European Green Bond Standard: new measures to reduce green washing

(Source: European Parliament)

  • Not only is a new label created but also rules for the green bonds market
  • Added requirements for companies wishing to issue European green bonds to weed out ‘brown companies’
  • Additional rules to strengthen supervision
  • Increased transparency to make it clear if bond proceeds will be used in gas or nuclear sectors

MEPs seek to better regulate the green bond market, improve its supervision, reduce greenwashing, and add clarity when money goes to gas or nuclear.

On Monday, MEPs in the Economic and Monetary Affairs Committee adopted their negotiation position on the Regulation on European green bonds. The text, prepared by Paul Tang (S&D, NL), introduces numerous changes to the Commission’s proposal and was approved by 44 votes in favour, 12 against and 3 abstentions.

 

Wider scope

The amended proposal seeks to better regulate the entire green bond market, rather than only establishing the European Green Bond label (EuGB), and reduce so-called “green washing”.

For all bonds that are marketed as green, transparency requirements are introduced, including being aligned with the taxonomy legislation on the use of proceeds derived from the bond issuance. This would allow investors to compare EUGBs with other existing green bonds. In addition, all those issuing green bonds must have safeguards in place to ensure they do not harm people or planet.

New requirements on benefitting entities

To avoid ‘brown’ companies (i.e. with highly polluting industries) using the EuGB label to pretend to be greener than they really are, the amended proposal requires that all EuGBs have verified transition plans. The text also ensures that all issuers of green bonds have processes in place to identify and limit the principal adverse impacts of their activity. Finally, it prohibits all issuers from countries that are on the EU’s grey or blacklist of tax havens from issuing EuGBs.

Stronger supervision

Supervision is strengthened in various ways. External reviewers who review the EuGB should have fewer conflicts of interest and provisions are included to ensure that the authorities could ban companies from issuing EUGBs if they fail to follow the rules. The adopted text also ensures stronger market-pressure to comply with the rules by ensuring investors have legal recourse if the issuer’s failure to comply leads to the depreciation of a green bond.

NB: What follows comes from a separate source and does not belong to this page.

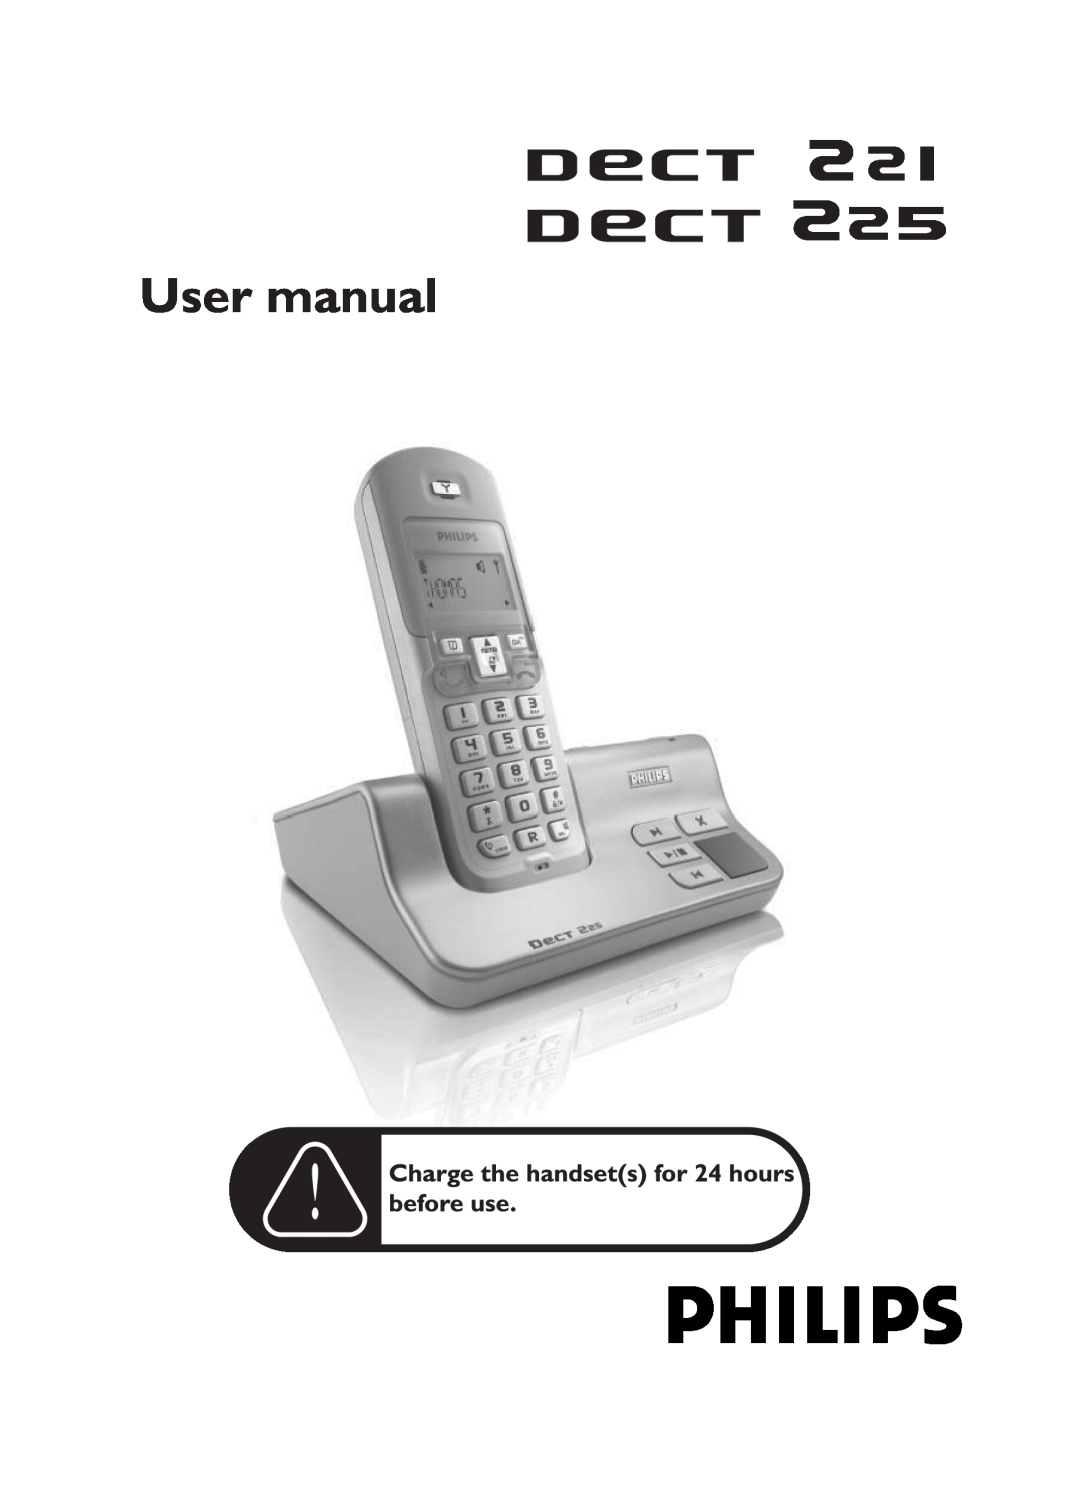 Philips DECT 221 user manual User manual

Increased transparency for gas and nuclear

The adopted text requires stronger transparency requirements so that when a green bond issuer intends to allocate proceeds to nuclear energy or fossil gas related activities, a statement must appear prominently on the first page of the EuGB Factsheet.

Quote

After the vote, the rapporteur Paul Tang (S&D, NL) said, “Parliament is giving a clear signal before negotiations with Council. The European Green Bond Standard needs to be fully aligned with the EU taxonomy for it to become the gold standard in the international green bond market. And with transition plans, we put European Green Bonds at the heart of companies’ transitions to a sustainable economy. We are serious about ending greenwashing. When this regulation becomes law, simply saying your firm’s bond is green will no longer be good enough.”

Next Steps

The committee also voted to proceed with negotiations with the member states to hammer out a deal. These talks will begin in the coming weeks.

Background

Green bonds play an increasingly important role in financing assets needed for the low-carbon transition. However, there is no uniform green bond standard within the EU. The new European Green Bond Standard aims to ensure that European companies can benefit from green financing and that investors will find the green investments they wish.